Agreed. Depending too much on global state sounds risky, though I suppose it depends on how you abstract it. You could have two types of 'globals'. One being the traditional scopeless variable, local to each process, and the other a process that is registered somewhere that makes it easy to find. So, instead of requiring pre-knowledge of the pid, you can find it easily. That sort of sounds like a global variable, but it wouldn't be limited to just storing a value.

Unfortunately, you'd still need to handle the problems that would occur if one of those global procs died, or if the table got corrupted.

-----


Concerning bloom filters, they are only helpful if knowing the fact that a particular process has a reference matters when deciding to copy. So, it's useful for the case when you're sending an object to a process. Otherwise ref counting is better, because you aren't broadcasting "do you have this?" messages.

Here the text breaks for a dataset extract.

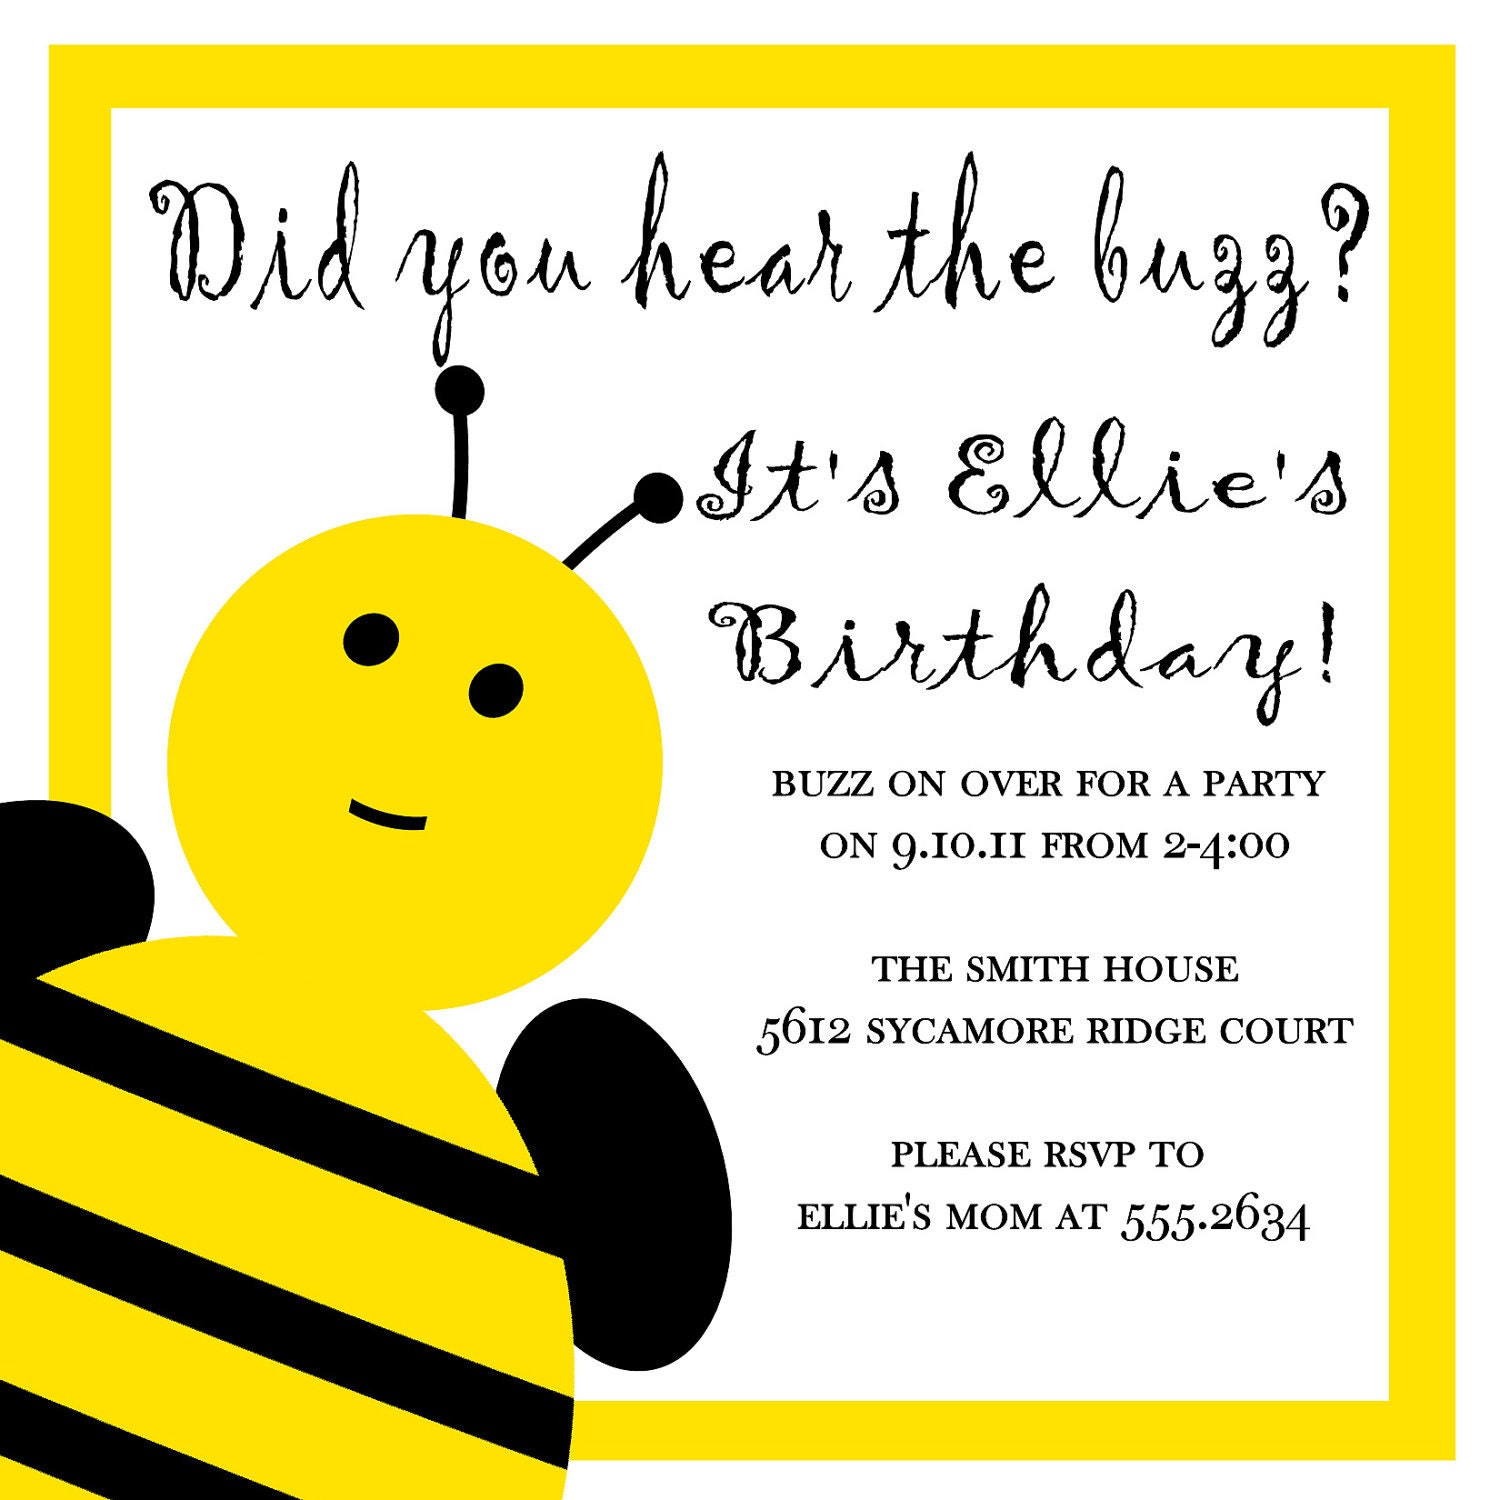 Have you heard the buzz bee invitation

Bloom filters are probably only a good idea if your copy is a large one, rather than just a small variable.

Here's an interesting idea: for extremely large messages, have some sort of "lazy copying" where the process only copies pieces just before it uses them, or when there isn't a cost associated with the transfer. That way large copies don't slow down your system. You'd still increment the reference counter, if you were using one, and any mutations would have to change a different copy.

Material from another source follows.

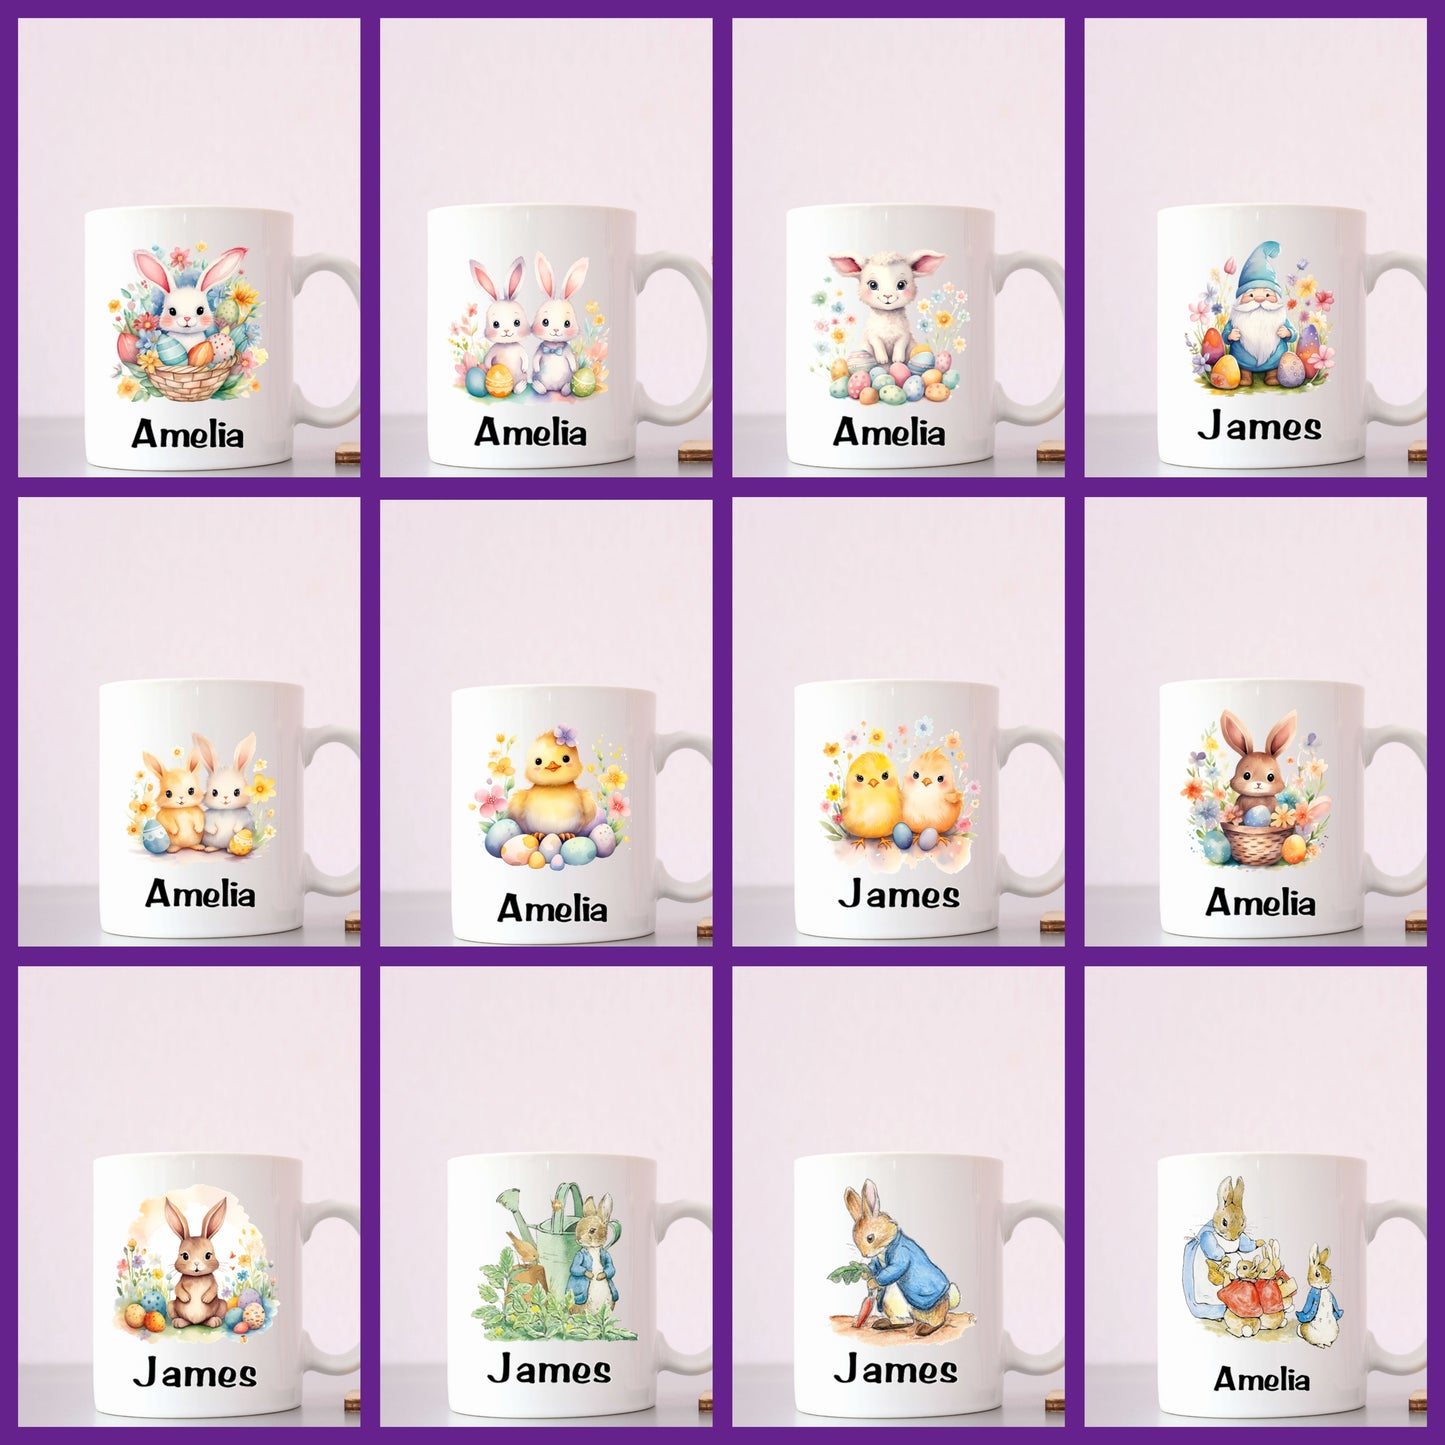 Personalised Easter Mugs

Actually, a good question is what the relative costs of sharing vs. copying are. I would think that for small things copying is less expensive than keeping track of who has it, etc., just to avoid copying. For bigger items, it might be worth avoiding a premature copy. I don't know.

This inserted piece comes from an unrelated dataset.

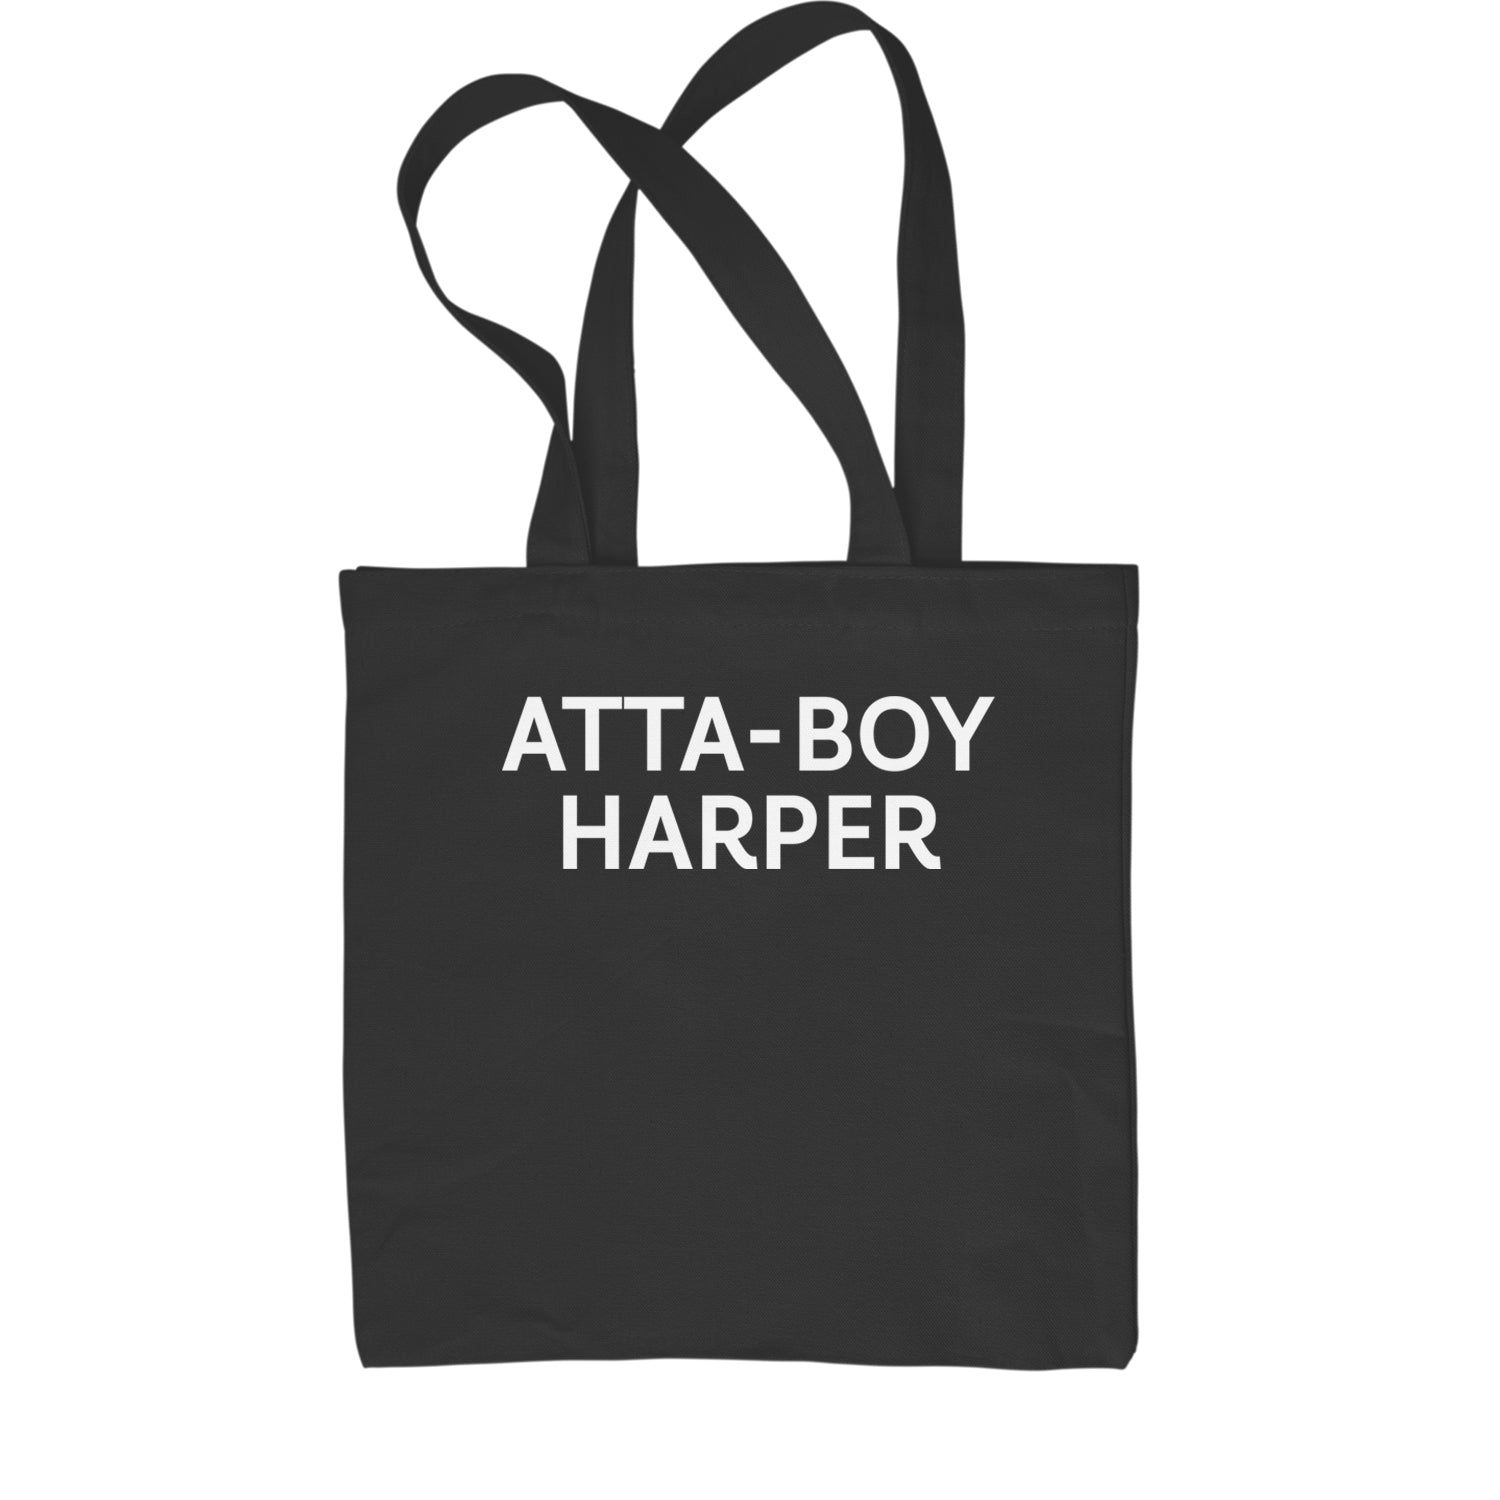 Atta-Boy Harper Philadelphia Shopping Tote Bag

Edit 1: About the k hash functions, I think that if there is low enough correlation between bytes in the result you can break up one hash function into several. Also, most good hash functions, (the ones that might be too slow for this purpose) have enough of a difference in the result with slight changes to the input that you could add just 1 to the value several times, and get a dozen hashes. So you could use:

  (hash val)
  (hash (+ val 1))
  (hash (+ val 2))
  ...
and get "3" hash functions. If you break each hash into bytes as well, and each produced multiple bytes, you could easily have 6, 9, or 27 "hash functions"

-----

2 points by almkglor 6455 days ago | link

> So, it's useful for the case when you're sending an object to a process.

Yes, but it is in fact the only case where we copy objects anyway (even reading a global variable would be effectively sending the object in the global to the process in question)

> for extremely large messages...

  #define N    I don't know
  if(msg.total_size() > N){
    msg.share(process);
  } else {
    msg.copy(process);
  }
I think this will end up having twice the overhead though: you need mechanisms to support both sharing with copy-on-write-and-if-receiver-already-has-it and copying.

Take note also that sending messages is recursive: we might be sending a list and thus end up sending several items.

> I would think that for small things copying is less expensive than keeping track of who has it, etc., just to avoid copying.

This was the justification in the Erlang BEAM and JAM machines to always copy.

> About the k hash functions...

Cool, I didn't think of that!

-----

2 points by shader 6455 days ago | link

So then, should we just always copy?

Unless we make some special immutable types as mentioned above; then we could share those. Maybe I'm just prematurely optimizing, and should just give up on trying to find ways to avoid the copy. Life is much simpler just copying. :)

How about just starting with always-copy, and later when we have performance data, and experience using it, we can code exceptions? I don't know how easy it would be to code such exceptions, but it would be less likely to break if we didn't make these decisions without empirical evidence.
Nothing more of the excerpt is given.